A double inequality involves finding values that satisfy two inequality conditions simultaneously.

Example 7: Compound inequality

Find the values of x for which $0 \leq \frac{4+x}{3-x} < 1$

Solution:

We need to solve two separate inequalities and then find values that satisfy both.

Part 1: Consider $0 \leq \frac{4+x}{3-x}$

The critical values are $x = -4$ (numerator zero) and $x = 3$ (denominator zero).

Test the sign in each interval:

• For $x < -4$: $\frac{4+x}{3-x}$ is negative
• For $-4 < x < 3$: $\frac{4+x}{3-x}$ is positive
• For $x > 3$: $\frac{4+x}{3-x}$ is negative

Therefore $\frac{4+x}{3-x} \geq 0$ when $-4 \leq x < 3$

(Note: We don't include $x = 3$ as the expression is undefined there)

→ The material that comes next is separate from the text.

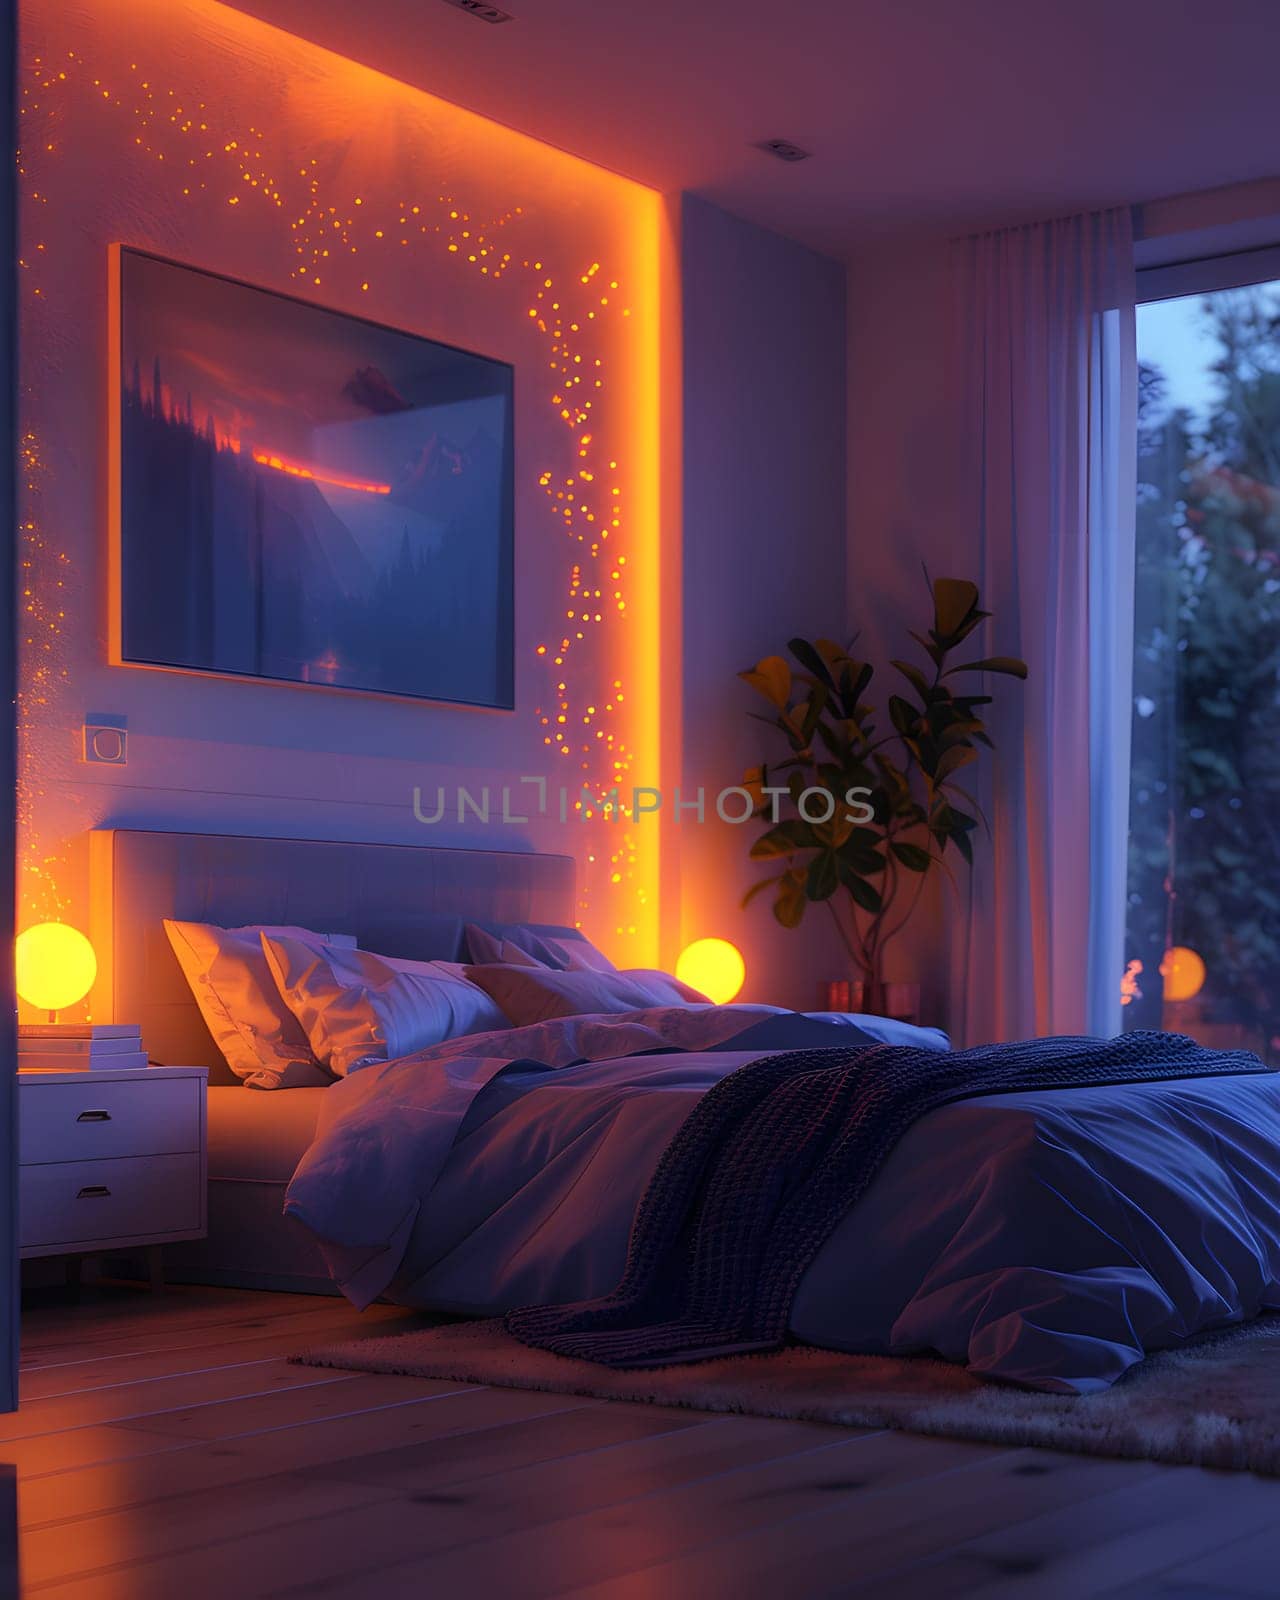 Interior design with bed, nightstand, lamps, and picture on wall in bedroom by Nadtochiy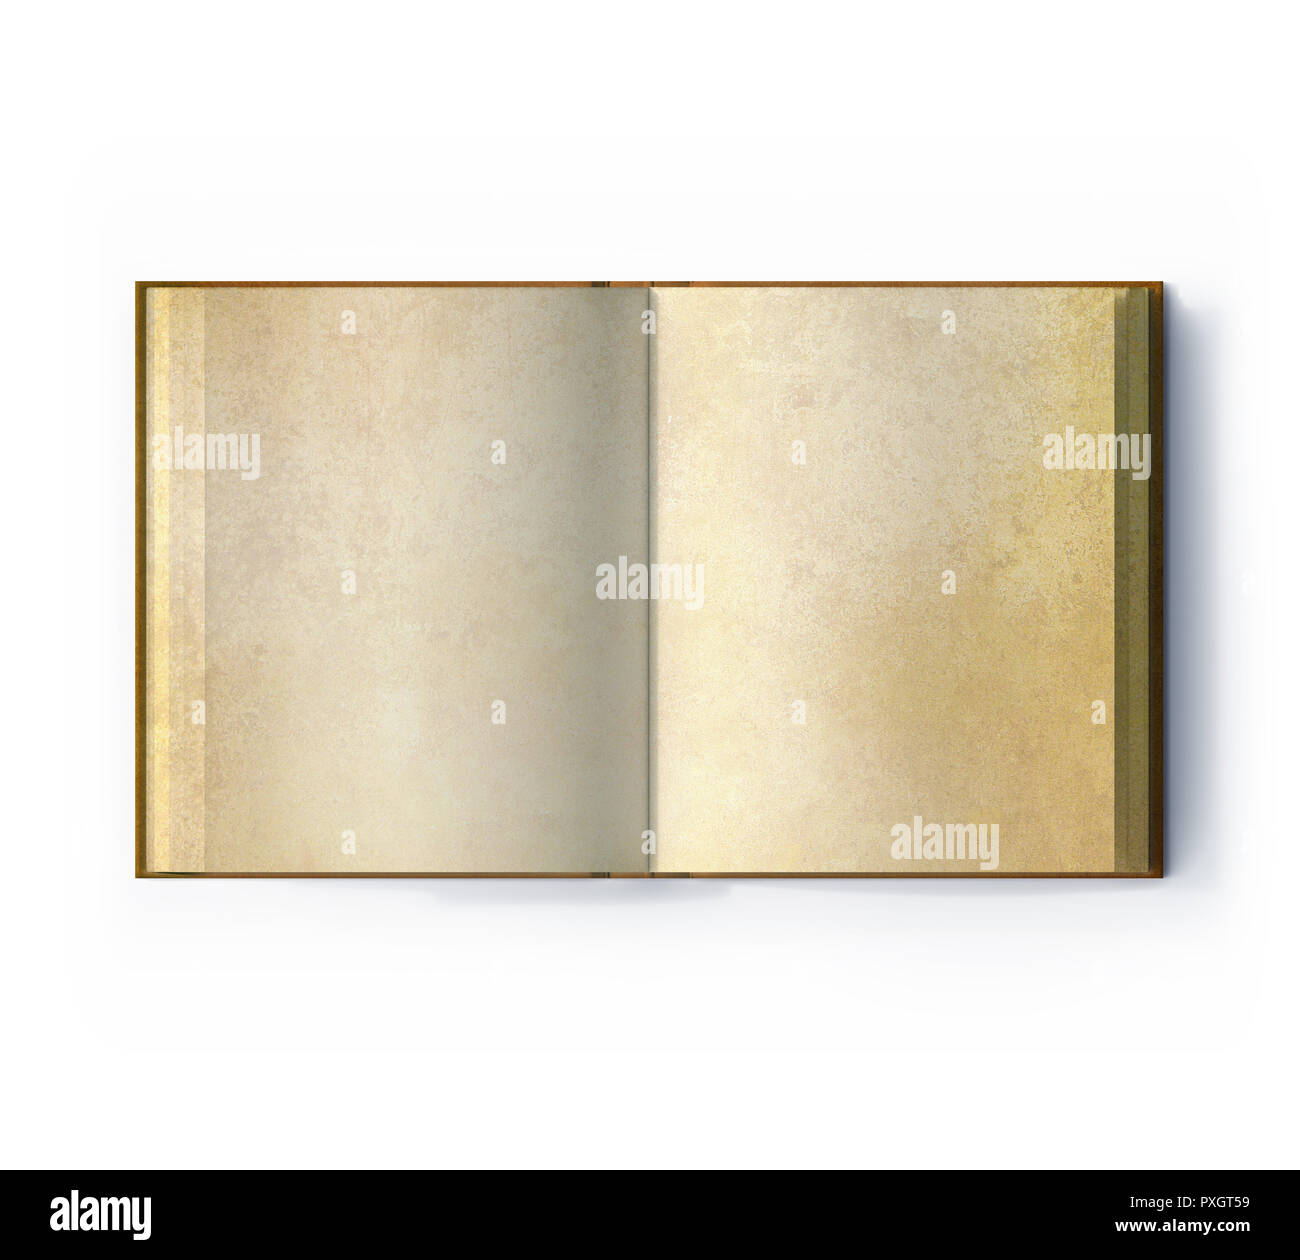 Top view of an old open book on empty used pages, isolated on white background Stock Photo

Part 2: Consider $\frac{4+x}{3-x} < 1$

When $x < 3$, the denominator $(3-x)$ is positive, so we can multiply both sides by $(3-x)$ without reversing the inequality:

$4 + x < 3 - x$

$2x < -1$

$x < -\frac{1}{2}$

When $x > 3$, the denominator $(3-x)$ is negative, so we must reverse the inequality when multiplying:

$4 + x > 3 - x$

$2x > -1$

$x > -\frac{1}{2}$

But this contradicts our condition $x > 3$, so this gives us $x > 3$ as the solution for this case.

Therefore $\frac{4+x}{3-x} < 1$ when $x < -\frac{1}{2}$ or $x > 3$

Combining both conditions:

We need values that satisfy both $-4 \leq x < 3$ AND ($x < -\frac{1}{2}$ or $x > 3$)

The overlap is: $-4 \leq x < -\frac{1}{2}$ or $x > 3$

But since $x > 3$ is not in the range $-4 \leq x < 3$, we only keep the first part.

Final solution: $0 \leq \frac{4+x}{3-x} < 1$ when $-4 \leq x < -\frac{1}{2}$

Key strategy: For double inequalities, solve each part separately, then find the intersection of the solution sets.